Mrs. Maxwell handed me a plate of pumpkin pie, and I did what I always did when nervous and handed food: I started stuffing my face.

“You’re very pretty, dear,” Mrs. Maxwell said. “Isn’t she, Bert?”

“What?” Mr. Maxwell said, eating his pie as though he hadn’t eaten in days.

“Never mind,” Mrs. Maxwell said, smoothing her skirt over her knees. “So, Sarah, how far along are you, dear?”

“Um, thank you,” I said, “for the compliment. And I’m twelve weeks now. I can’t believe the first trimester is over. I’m still not quite used to the idea of being pregnant.”

“Well, I suppose you’re out of the danger zone,” Mrs. Maxwell said with a sigh.

Was she unhappy about that?

“In my day, you didn’t announce a pregnancy until you were at least three months along,” she added.

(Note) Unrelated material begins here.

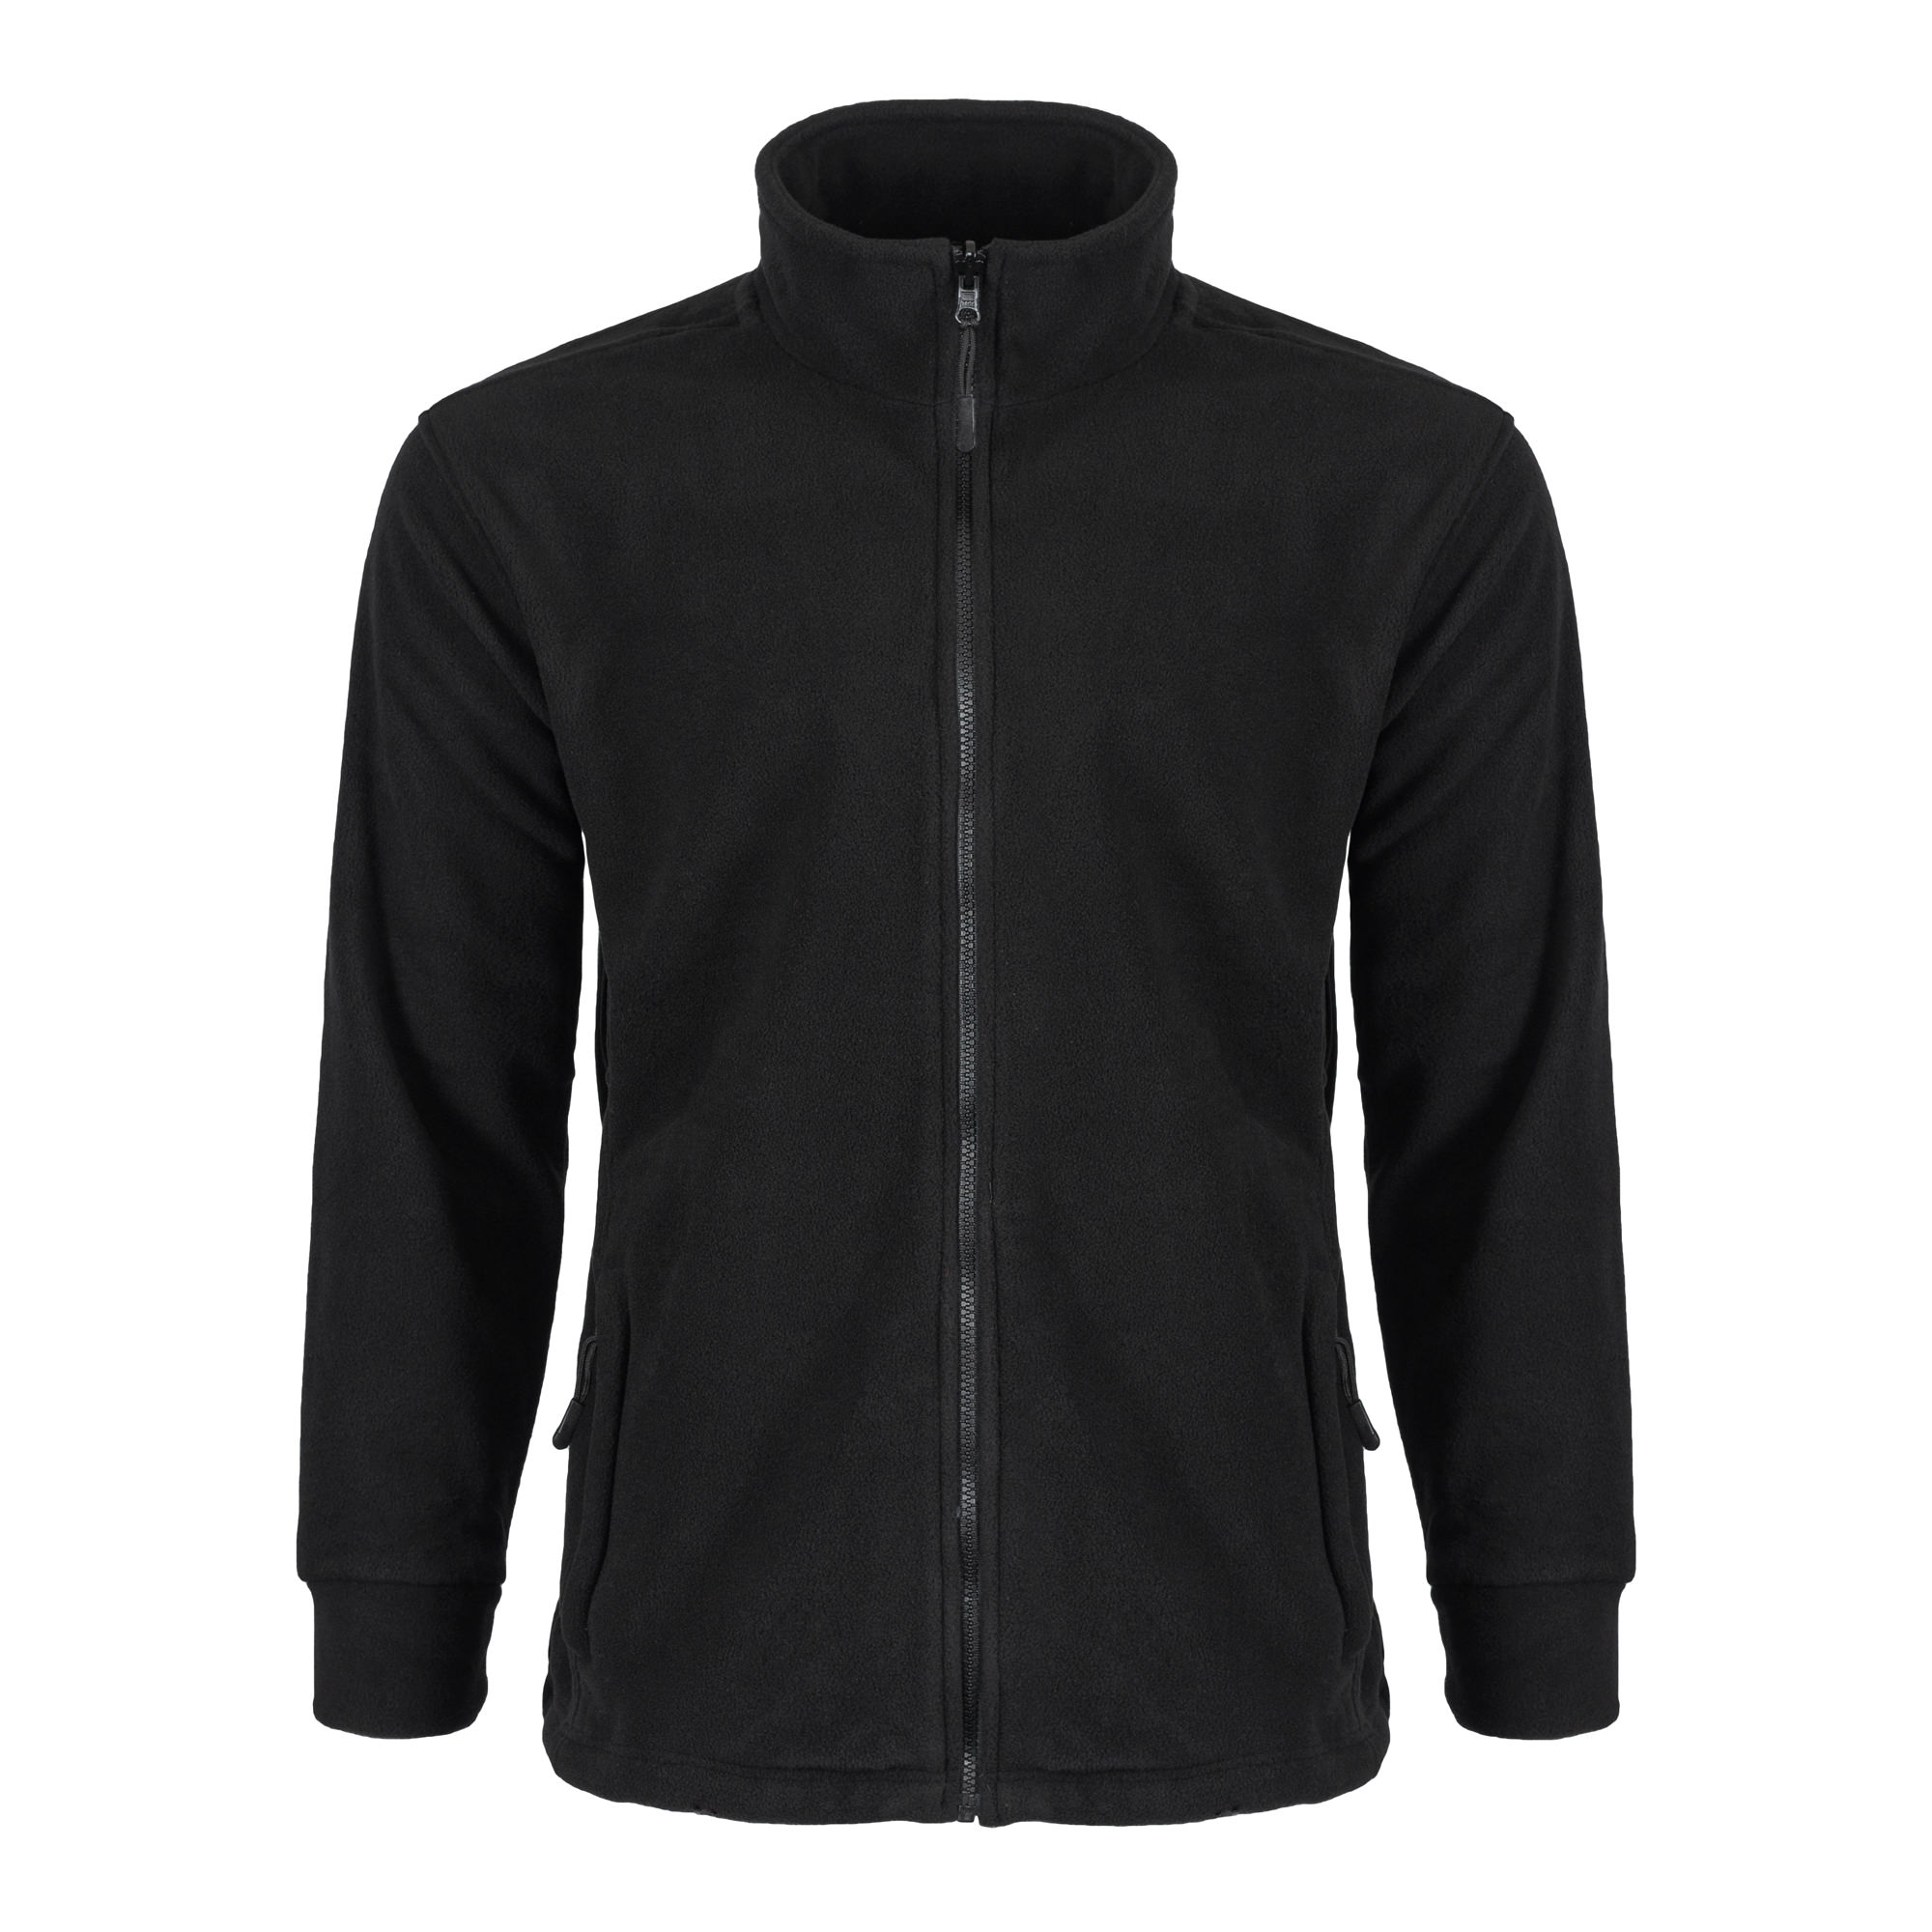 Bertee Interactive Fleece Jacket - Protective Wear Supplies

“I don’t understand that,” Griffen said. “If, God forbid, Sarah had lost the baby, wouldn’t she want sympathy?”

God forbid?
Interesting.

“You’re carrying high,” Mrs. Maxwell said, effectively changing the subject. “It’s a girl.”

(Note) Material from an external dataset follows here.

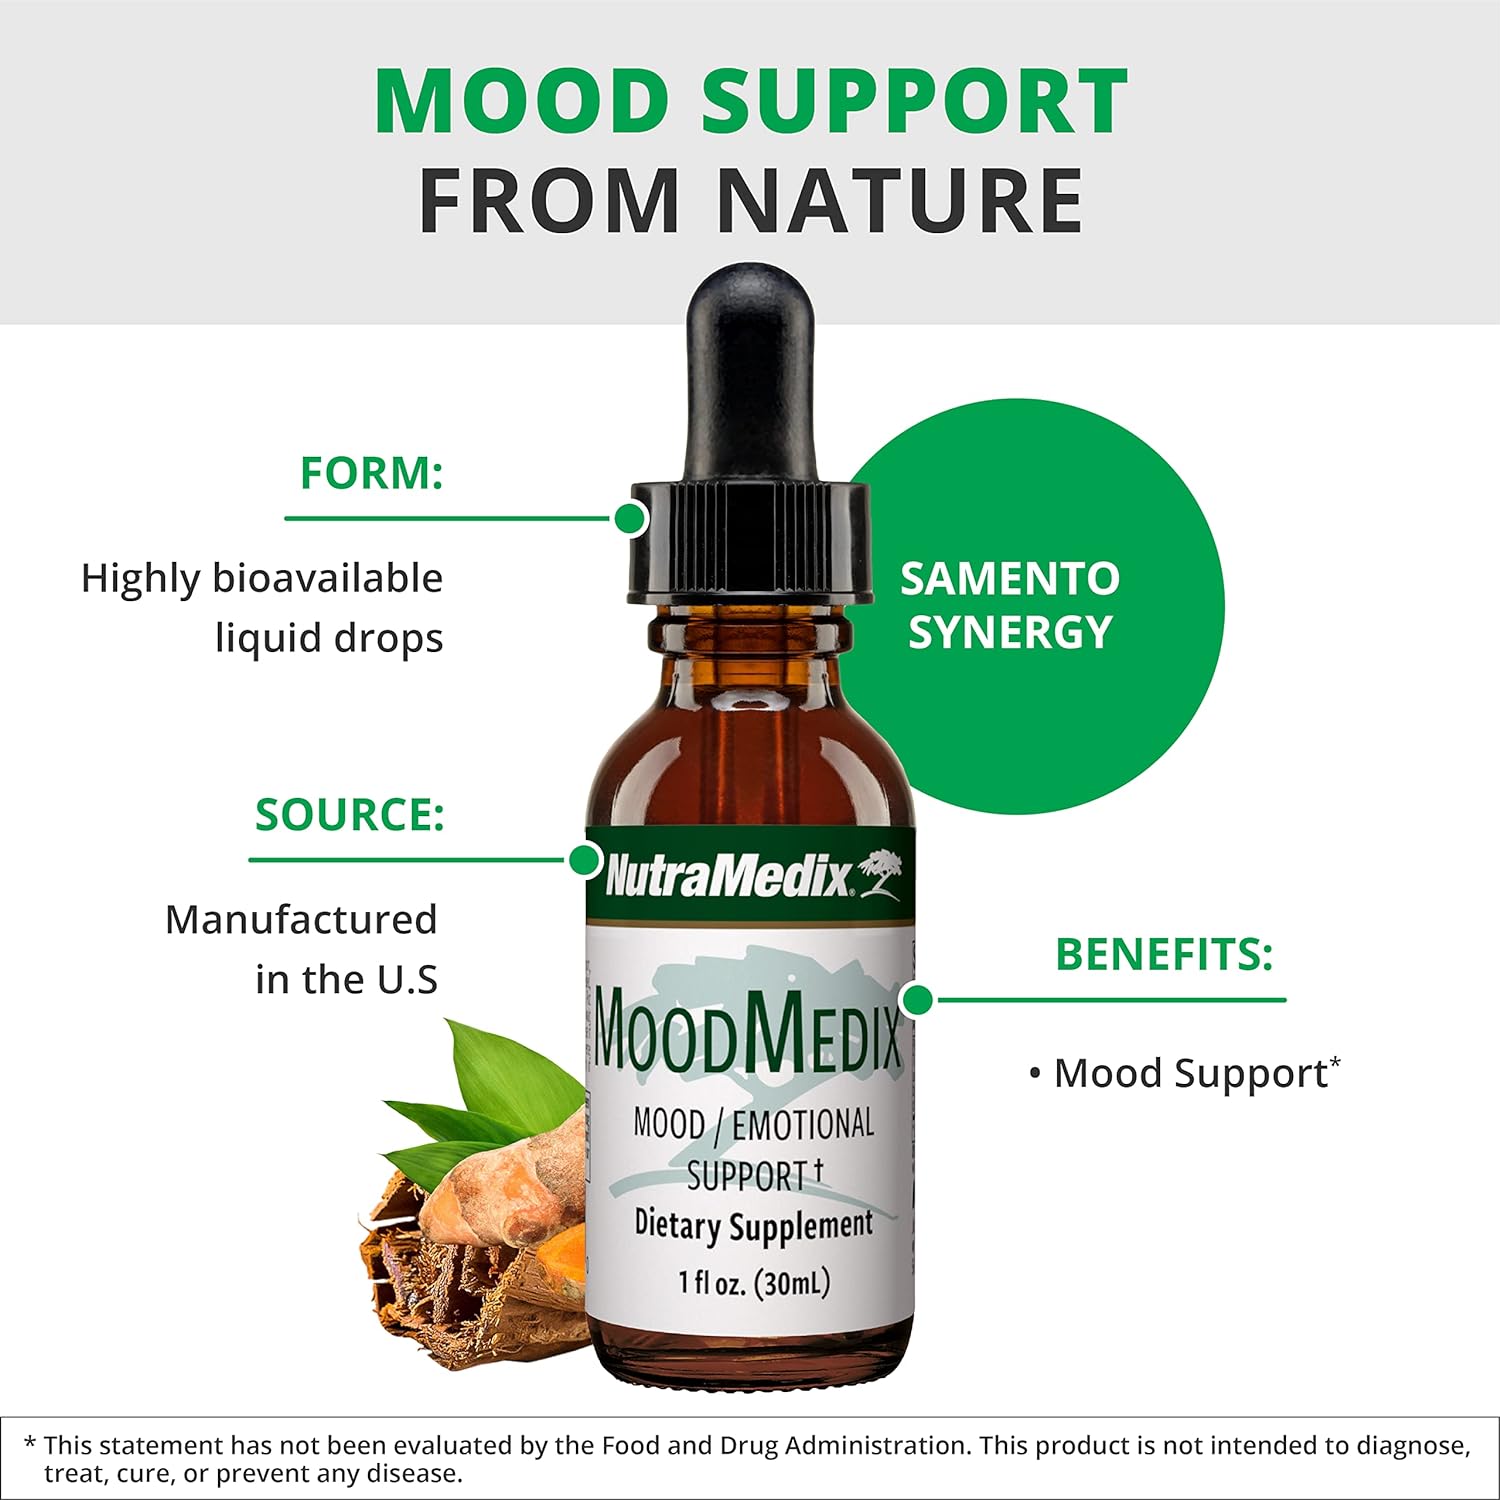 NutraMedix MoodMedix - Mood Support Supplement with Bioavailable Liqui

“Mom, she’s not even showing,” Griffen said, smiling at me and shaking his head.

Mrs. Maxwell smacked her lips. “She’s showing a little. A mother knows. It’s a girl. Girls are harder to raise than boys.”

“Well, whatever sex the baby is, I’ll be thrilled,” I said.

“All that matters is that the baby’s healthy,” Griffen added. “And according to the doctor at Sarah’s ultrasound, all is well. Here,” he said, handing his mother the ultrasound photo.

Mrs. Maxwell looked at the picture, turning it upside down and sideways the way Zoe had. “I just can’t believe this,” she said, and burst into tears.

“Mom?” Griffen said. “Are you okay?”

“I just don’t understand this,” she said. “She’s going to have a baby, but you’re not even dating?”

“We’re just at a funny point,” Griffen said. “I found out that Sarah was pregnant and I needed some time to think, so we haven’t been seeing each other.”

A funny point?

Silence.

“Are you getting back together? Are you getting married?” she asked. “You make such a lovely couple, don’t they, Bert?”

“What?” Mr. Maxwell asked, staring at his stubbed out cigar. “Yes, the pie was very good.”

Mrs. Maxwell rolled her eyes, then got up and walked to the windows. She let out a deep breath. “Well, what’s done is done. There’s no sense in being upset about it.”

“Mom…” Griffen said.

“I’m just saying that I’m coming around to the idea,” Mrs. Maxwell continued. “At least there’s no stigma in a child being illegitimate. Years ago there was, but now, what with all the sex and violence on television, anything goes.”

“First of all, Mom,” Griffen said, “no one uses the word
illegitimate
anymore. There’s nothing illegitimate about a baby having parents who aren’t married.”

“And how would you know, Griffen?” Mrs. Maxwell asked. “Do you have unmarried parents? How about you, Sarah?”

“Mom, I thought you wanted to meet Sarah. That’s why I brought her here. If you want to interrogate her or make her uncomfortable or insult her, we’ll leave.”

“Oh, so now I don’t get to see my grandchild?” she said, her voice rising. “Do you hear this, Bert? They’re going to keep the baby from us.”

As Griffen shook his head in utter amazement, I was struck with the thought that his mother was much worse than my father. Perhaps clueless and always jovial was better than crazy.

“Marlene, no one said anything about the grandchild,” Mr. Maxwell said. “Do you see a baby here?”